Histopathologically, DGCT is a benign odontogenic tumor consisting of epithelial neoplastic islands that resemble ameloblastoma and are accompanied by ghost cells and dentin [1,2,3]. According to the WHO, a proportion of ghost cells and dentin exceeding 1% to 2% is useful for the diagnosis of DGCT [2, 5]. In the present case, the tumor comprised epithelial neoplastic islands resembling ameloblastoma inside tight fibroconnective tissue. Masses of ghost cells and formation of dentin were also observed. As a result, the minute high-density area around the molar teeth that we suspected to represent alveolar bone change on the CT images was actually the formation of dentin. These findings were consistent with the typical pathologic findings of DGCT [1,2,3]. However, at the boundary between the solid area and cystic area, epithelial neoplastic islands resembling ameloblastoma were present whereas ghost cells were absent. The epithelium relining the cystic area was thin stratified squamous epithelium similar to that seen in a dentigerous cyst. To the best of our knowledge, no reports to date have described the pathologic findings of the cystic area of DGCT, making the present findings very valuable.

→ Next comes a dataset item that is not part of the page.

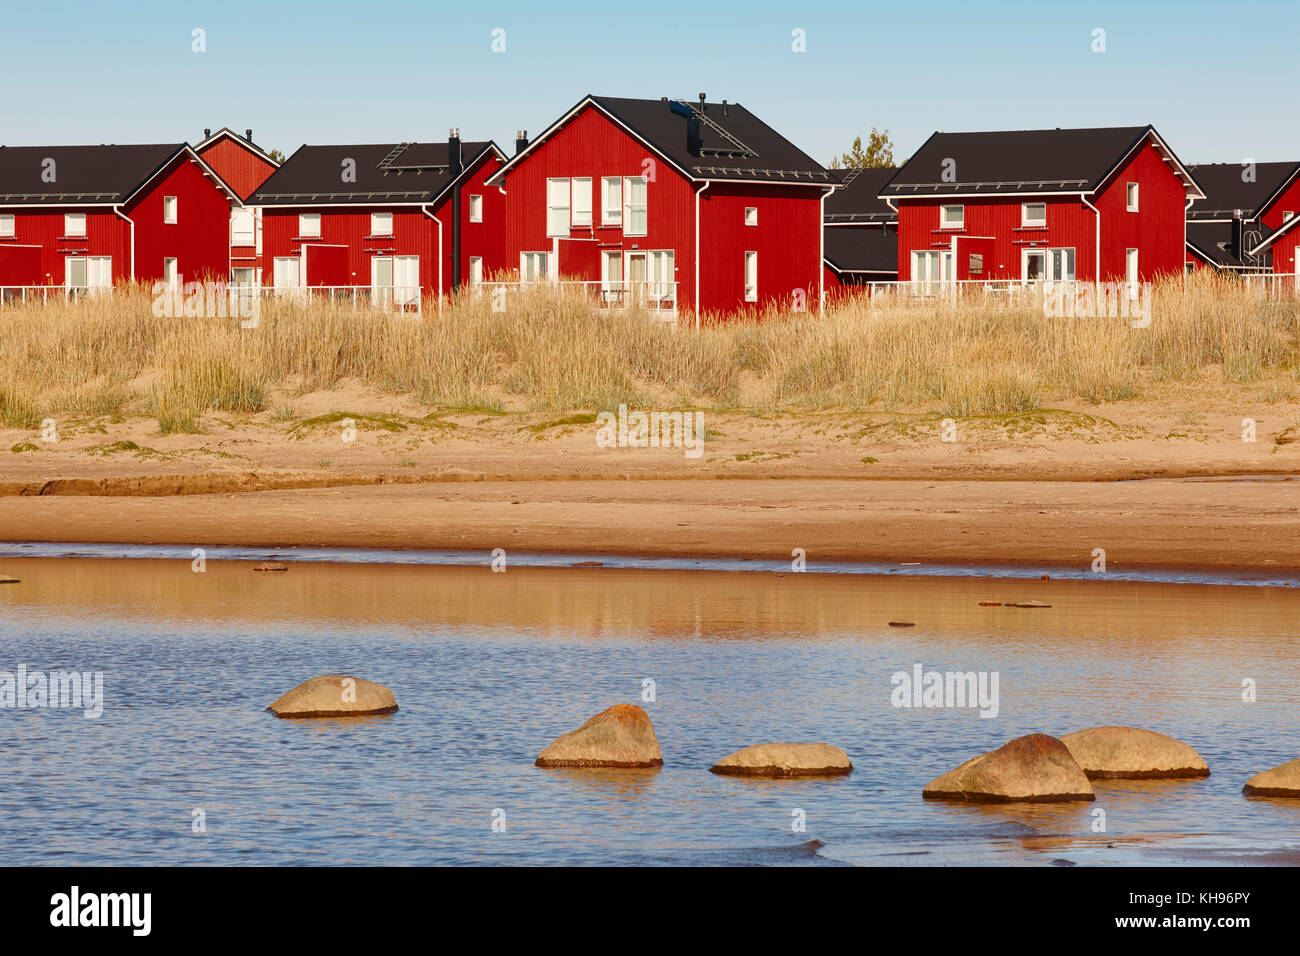 Red wooden houses near Marjaniemi beach, Hailuoto island. Finland. Travel - Stock Image

In conclusion, we have presented a rare case of DGCT that occurred in the maxilla with bone expansion, and we focused particularly on new imaging findings (especially MRI). An accurate imaging diagnosis of DGCT is difficult because of its low frequency and often ambiguous findings, such as the presence or absence of an impacted tooth without obvious calcification. The minute high-density area around the molar teeth that we suspected to be alveolar bone change on the CT images was subsequently found to be the formation of dentin in the histopathologic examination. These findings made it difficult to determine the differential diagnoses of lesions with calcification. The present case suggests that we should consider the possibility of an odontogenic tumor with calcification when high-density structures are observed inside the lesion.